PROVIDED MATERIAL:
= Beginning of Section =
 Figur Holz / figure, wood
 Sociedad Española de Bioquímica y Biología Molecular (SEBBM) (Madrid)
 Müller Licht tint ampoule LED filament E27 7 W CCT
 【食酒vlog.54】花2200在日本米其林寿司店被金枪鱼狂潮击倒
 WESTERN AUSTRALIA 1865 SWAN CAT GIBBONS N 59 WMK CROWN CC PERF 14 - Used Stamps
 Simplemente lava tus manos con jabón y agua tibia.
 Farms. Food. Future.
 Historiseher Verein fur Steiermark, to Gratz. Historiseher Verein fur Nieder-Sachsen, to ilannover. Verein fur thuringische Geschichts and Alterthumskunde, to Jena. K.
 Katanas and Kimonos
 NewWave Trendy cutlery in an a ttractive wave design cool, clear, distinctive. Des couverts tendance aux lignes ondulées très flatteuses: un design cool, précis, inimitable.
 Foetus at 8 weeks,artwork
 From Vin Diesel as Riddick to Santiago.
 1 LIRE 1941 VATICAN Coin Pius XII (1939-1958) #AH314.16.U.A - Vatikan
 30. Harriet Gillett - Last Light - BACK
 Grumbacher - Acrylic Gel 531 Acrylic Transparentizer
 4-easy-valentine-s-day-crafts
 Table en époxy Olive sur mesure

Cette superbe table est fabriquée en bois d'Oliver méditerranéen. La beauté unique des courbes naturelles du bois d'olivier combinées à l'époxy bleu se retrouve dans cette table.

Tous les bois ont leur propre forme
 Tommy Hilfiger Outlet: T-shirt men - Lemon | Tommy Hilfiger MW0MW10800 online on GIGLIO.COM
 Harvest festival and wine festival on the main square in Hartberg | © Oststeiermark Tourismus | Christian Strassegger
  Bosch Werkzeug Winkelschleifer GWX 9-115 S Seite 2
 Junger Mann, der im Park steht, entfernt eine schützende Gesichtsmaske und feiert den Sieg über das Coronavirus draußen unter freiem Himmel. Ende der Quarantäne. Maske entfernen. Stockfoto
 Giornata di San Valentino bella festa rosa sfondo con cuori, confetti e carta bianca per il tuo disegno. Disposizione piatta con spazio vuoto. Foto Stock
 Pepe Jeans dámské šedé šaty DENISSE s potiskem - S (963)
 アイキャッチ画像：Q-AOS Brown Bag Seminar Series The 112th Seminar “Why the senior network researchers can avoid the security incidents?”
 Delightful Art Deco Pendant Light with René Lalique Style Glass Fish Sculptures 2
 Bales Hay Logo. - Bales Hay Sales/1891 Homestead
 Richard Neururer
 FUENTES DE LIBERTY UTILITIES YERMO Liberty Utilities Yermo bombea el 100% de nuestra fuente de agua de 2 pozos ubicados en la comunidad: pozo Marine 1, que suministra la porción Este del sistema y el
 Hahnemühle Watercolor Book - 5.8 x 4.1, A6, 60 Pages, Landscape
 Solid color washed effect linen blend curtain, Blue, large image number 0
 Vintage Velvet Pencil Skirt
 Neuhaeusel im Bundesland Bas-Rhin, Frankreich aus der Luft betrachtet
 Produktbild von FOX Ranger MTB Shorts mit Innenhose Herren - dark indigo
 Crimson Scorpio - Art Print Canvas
= End of Section =
HOW TO COMPLETE THIS TASK: Could the entries above be output once more, exactly as they are?

COMPLETED EXERCISE:
 Figur Holz / figure, wood
 Sociedad Española de Bioquímica y Biología Molecular (SEBBM) (Madrid)
 Müller Licht tint ampoule LED filament E27 7 W CCT
 【食酒vlog.54】花2200在日本米其林寿司店被金枪鱼狂潮击倒
 WESTERN AUSTRALIA 1865 SWAN CAT GIBBONS N 59 WMK CROWN CC PERF 14 - Used Stamps
 Simplemente lava tus manos con jabón y agua tibia.
 Farms. Food. Future.
 Historiseher Verein fur Steiermark, to Gratz. Historiseher Verein fur Nieder-Sachsen, to ilannover. Verein fur thuringische Geschichts and Alterthumskunde, to Jena. K.
 Katanas and Kimonos
 NewWave Trendy cutlery in an a ttractive wave design cool, clear, distinctive. Des couverts tendance aux lignes ondulées très flatteuses: un design cool, précis, inimitable.
 Foetus at 8 weeks,artwork
 From Vin Diesel as Riddick to Santiago.
 1 LIRE 1941 VATICAN Coin Pius XII (1939-1958) #AH314.16.U.A - Vatikan
 30. Harriet Gillett - Last Light - BACK
 Grumbacher - Acrylic Gel 531 Acrylic Transparentizer
 4-easy-valentine-s-day-crafts
 Table en époxy Olive sur mesure

Cette superbe table est fabriquée en bois d'Oliver méditerranéen. La beauté unique des courbes naturelles du bois d'olivier combinées à l'époxy bleu se retrouve dans cette table.

Tous les bois ont leur propre forme
 Tommy Hilfiger Outlet: T-shirt men - Lemon | Tommy Hilfiger MW0MW10800 online on GIGLIO.COM
 Harvest festival and wine festival on the main square in Hartberg | © Oststeiermark Tourismus | Christian Strassegger
  Bosch Werkzeug Winkelschleifer GWX 9-115 S Seite 2
 Junger Mann, der im Park steht, entfernt eine schützende Gesichtsmaske und feiert den Sieg über das Coronavirus draußen unter freiem Himmel. Ende der Quarantäne. Maske entfernen. Stockfoto
 Giornata di San Valentino bella festa rosa sfondo con cuori, confetti e carta bianca per il tuo disegno. Disposizione piatta con spazio vuoto. Foto Stock
 Pepe Jeans dámské šedé šaty DENISSE s potiskem - S (963)
 アイキャッチ画像：Q-AOS Brown Bag Seminar Series The 112th Seminar “Why the senior network researchers can avoid the security incidents?”
 Delightful Art Deco Pendant Light with René Lalique Style Glass Fish Sculptures 2
 Bales Hay Logo. - Bales Hay Sales/1891 Homestead
 Richard Neururer
 FUENTES DE LIBERTY UTILITIES YERMO Liberty Utilities Yermo bombea el 100% de nuestra fuente de agua de 2 pozos ubicados en la comunidad: pozo Marine 1, que suministra la porción Este del sistema y el
 Hahnemühle Watercolor Book - 5.8 x 4.1, A6, 60 Pages, Landscape
 Solid color washed effect linen blend curtain, Blue, large image number 0
 Vintage Velvet Pencil Skirt
 Neuhaeusel im Bundesland Bas-Rhin, Frankreich aus der Luft betrachtet
 Produktbild von FOX Ranger MTB Shorts mit Innenhose Herren - dark indigo
 Crimson Scorpio - Art Print Canvas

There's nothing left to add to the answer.